# [What is expected]
Both the line containing "United Nations human" and the line containing "Heaven Our Home: We" belong to the span. Output exactly that span from the listing below, and nothing outside it.

# [Entries supplied]
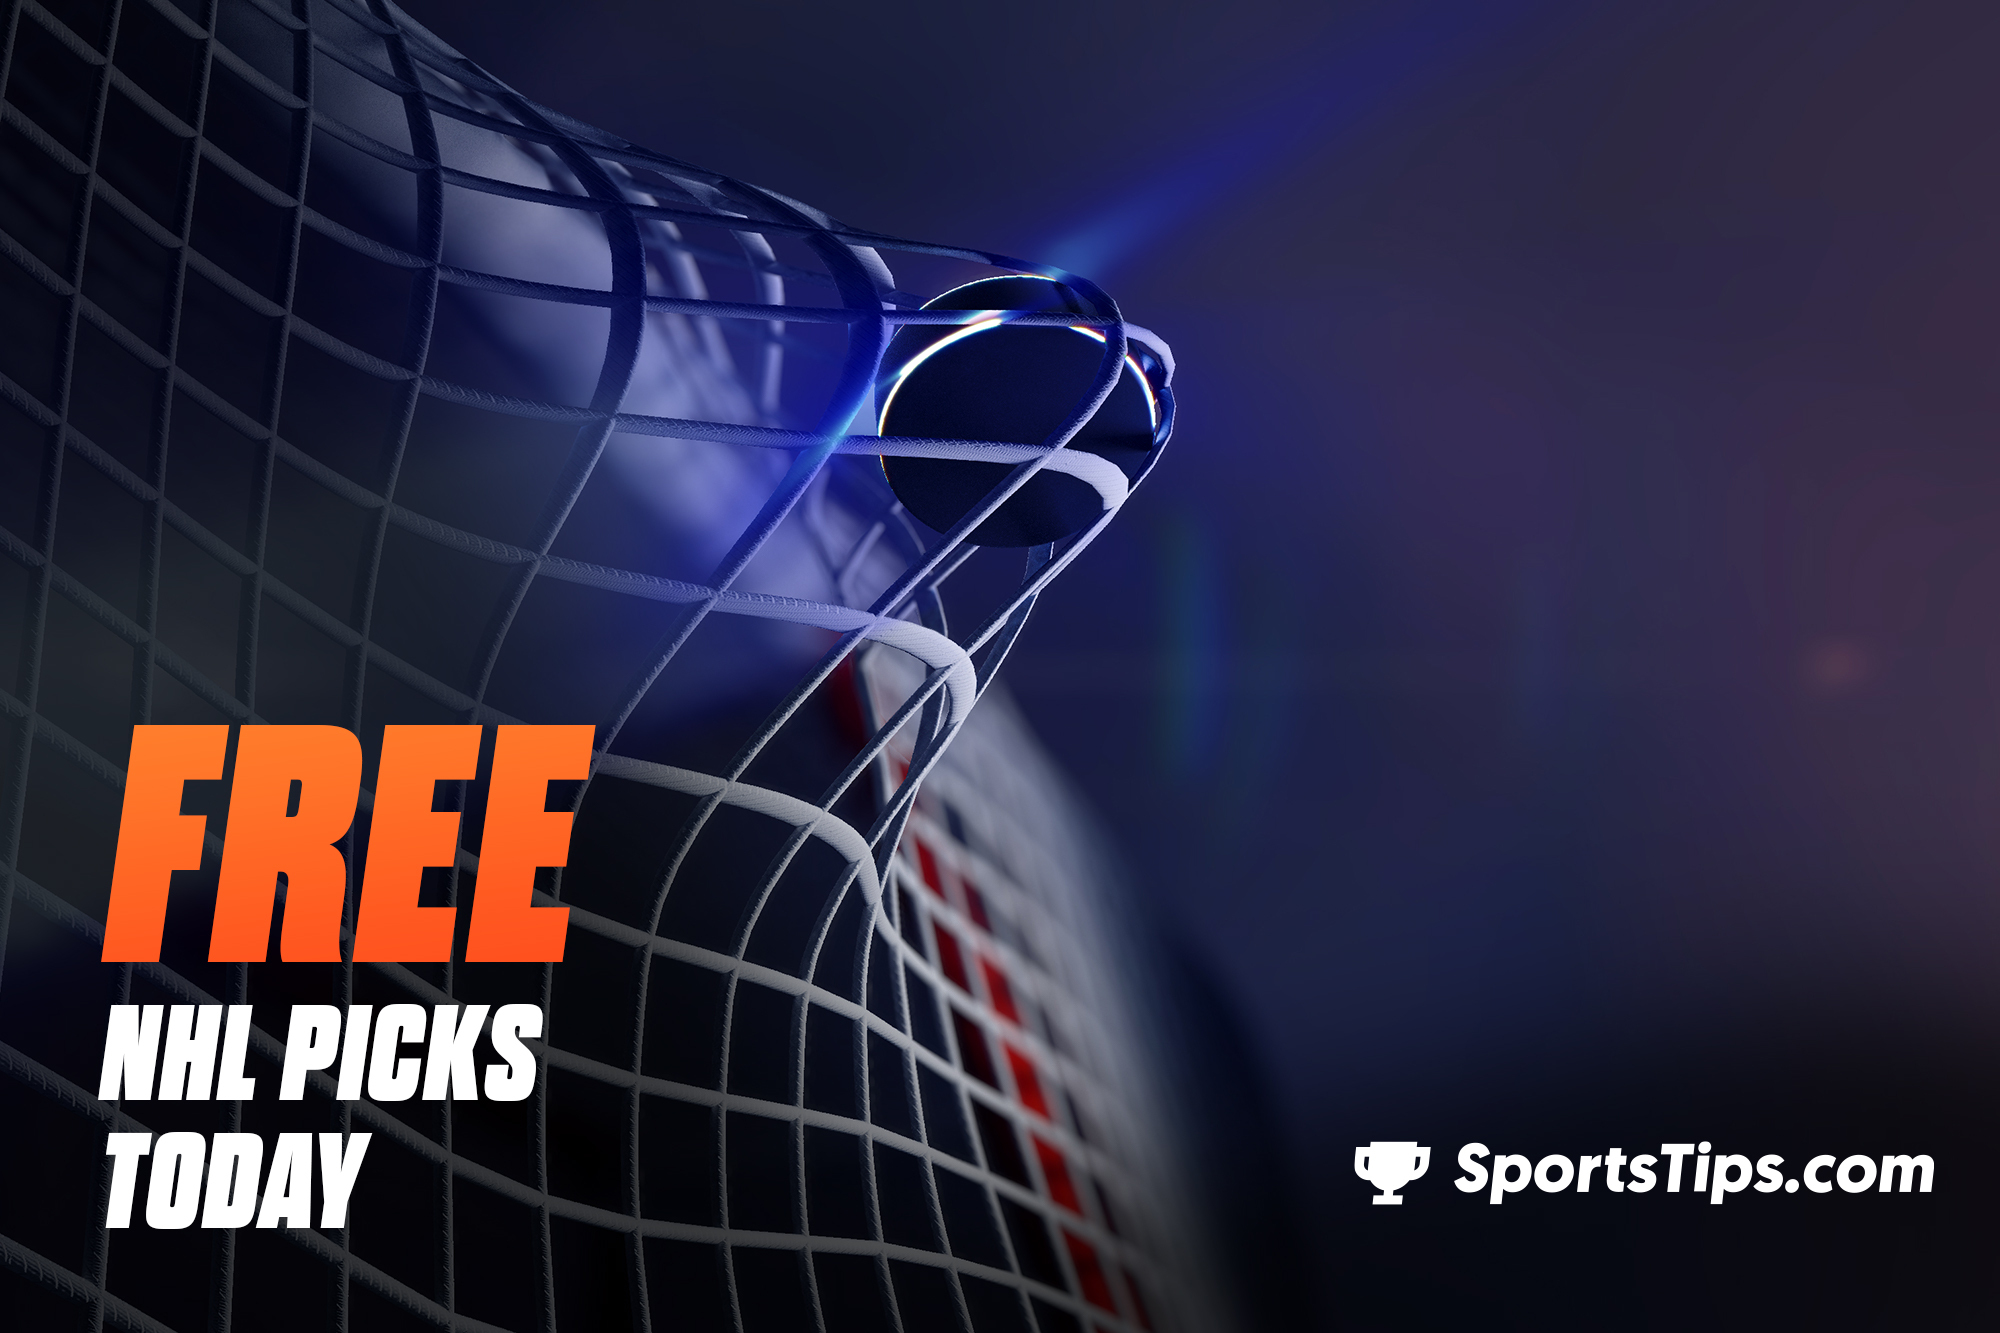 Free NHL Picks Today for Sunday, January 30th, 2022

...

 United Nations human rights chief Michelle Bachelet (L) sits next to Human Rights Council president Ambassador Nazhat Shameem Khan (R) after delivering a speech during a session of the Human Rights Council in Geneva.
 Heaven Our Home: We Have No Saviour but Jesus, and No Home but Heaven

* * *

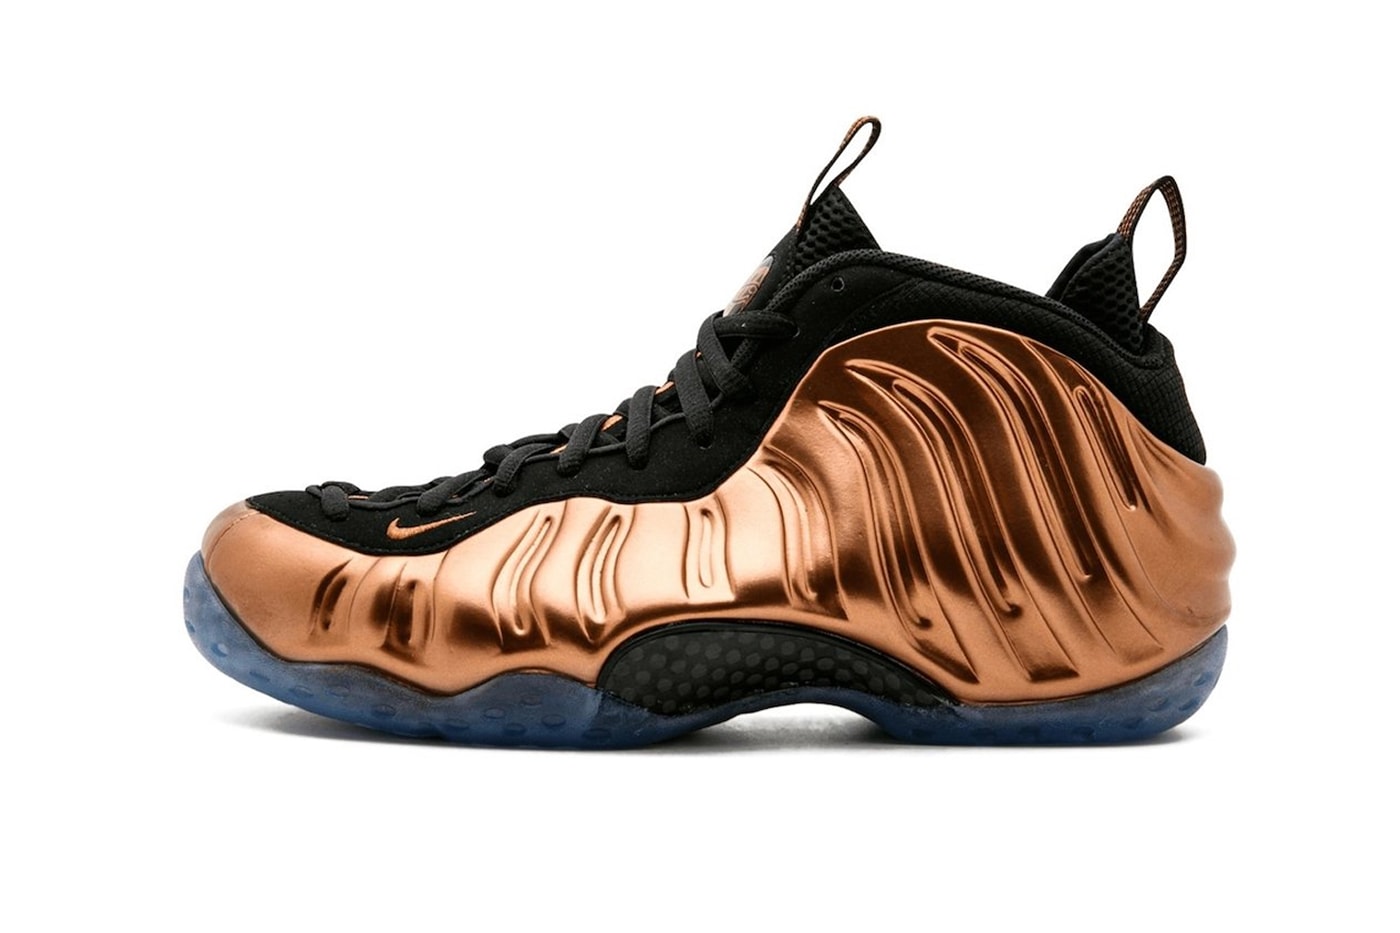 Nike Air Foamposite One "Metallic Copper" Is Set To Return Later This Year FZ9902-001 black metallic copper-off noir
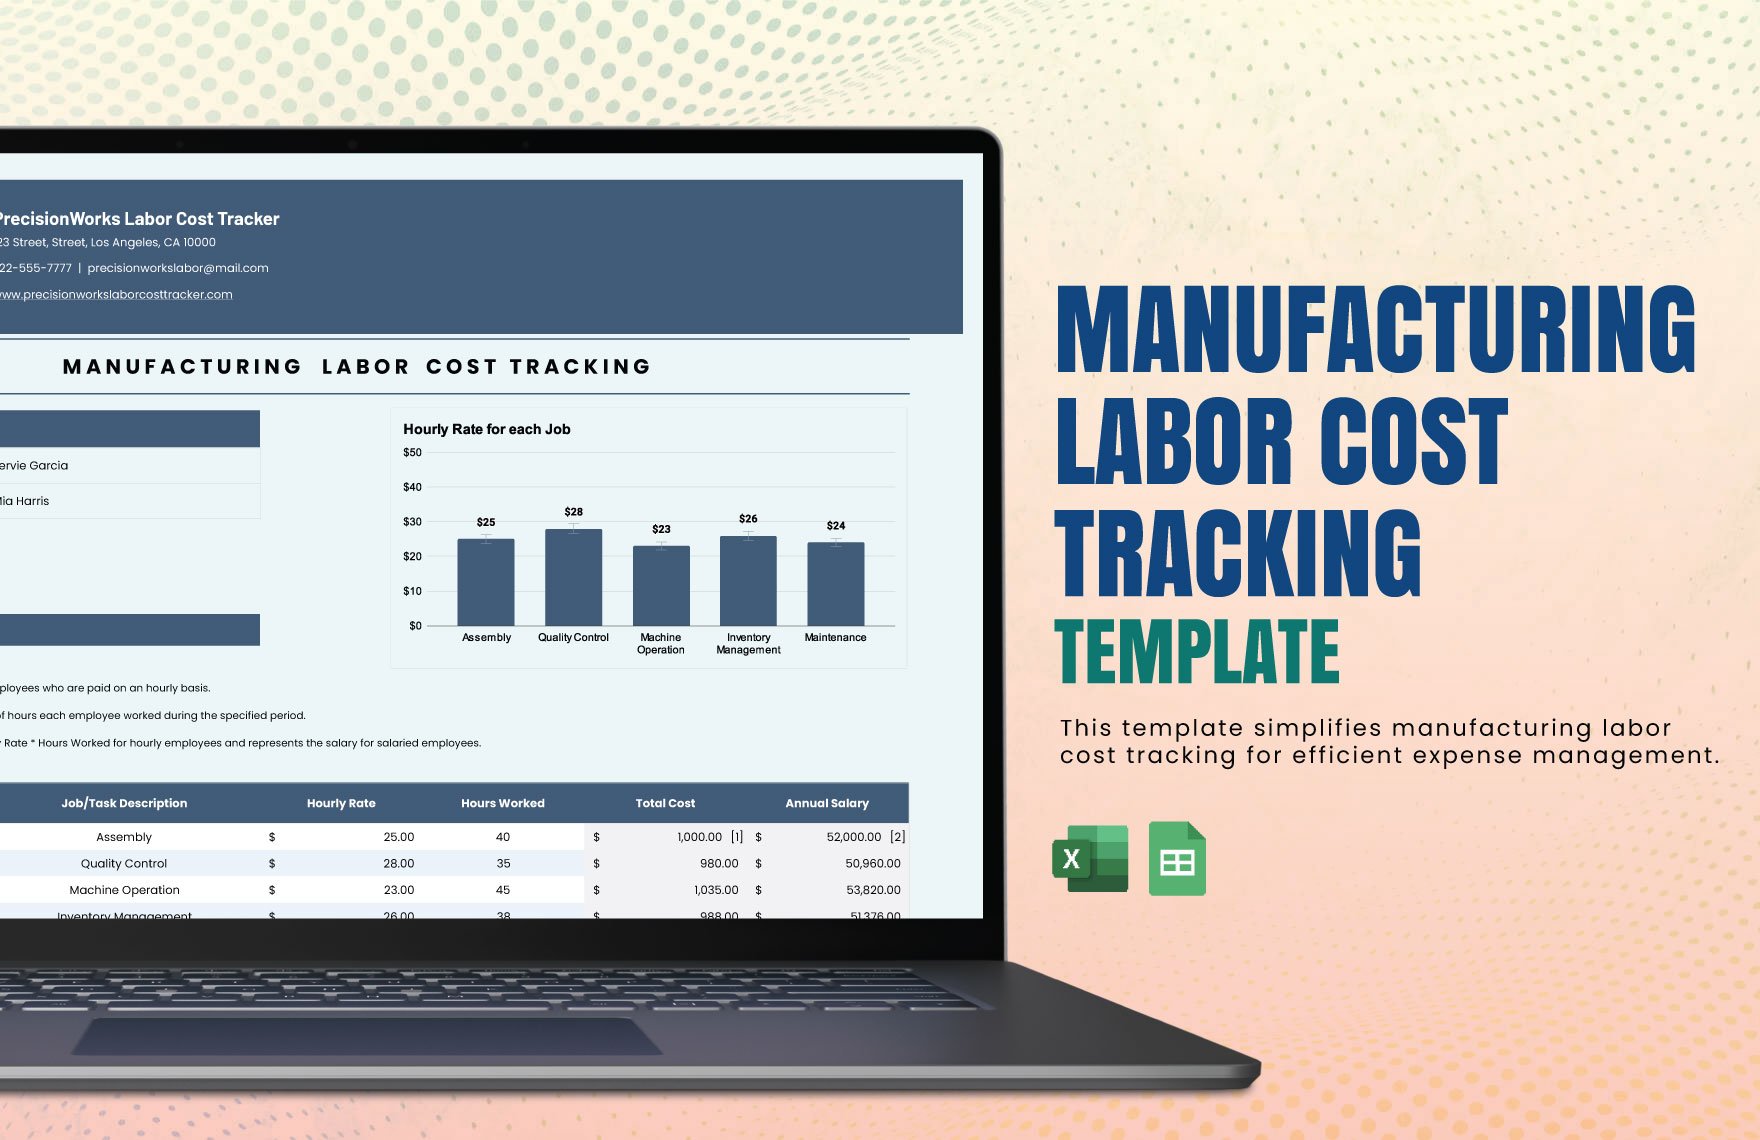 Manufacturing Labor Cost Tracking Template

# [Written answer]
 United Nations human rights chief Michelle Bachelet (L) sits next to Human Rights Council president Ambassador Nazhat Shameem Khan (R) after delivering a speech during a session of the Human Rights Council in Geneva.
 Heaven Our Home: We Have No Saviour but Jesus, and No Home but Heaven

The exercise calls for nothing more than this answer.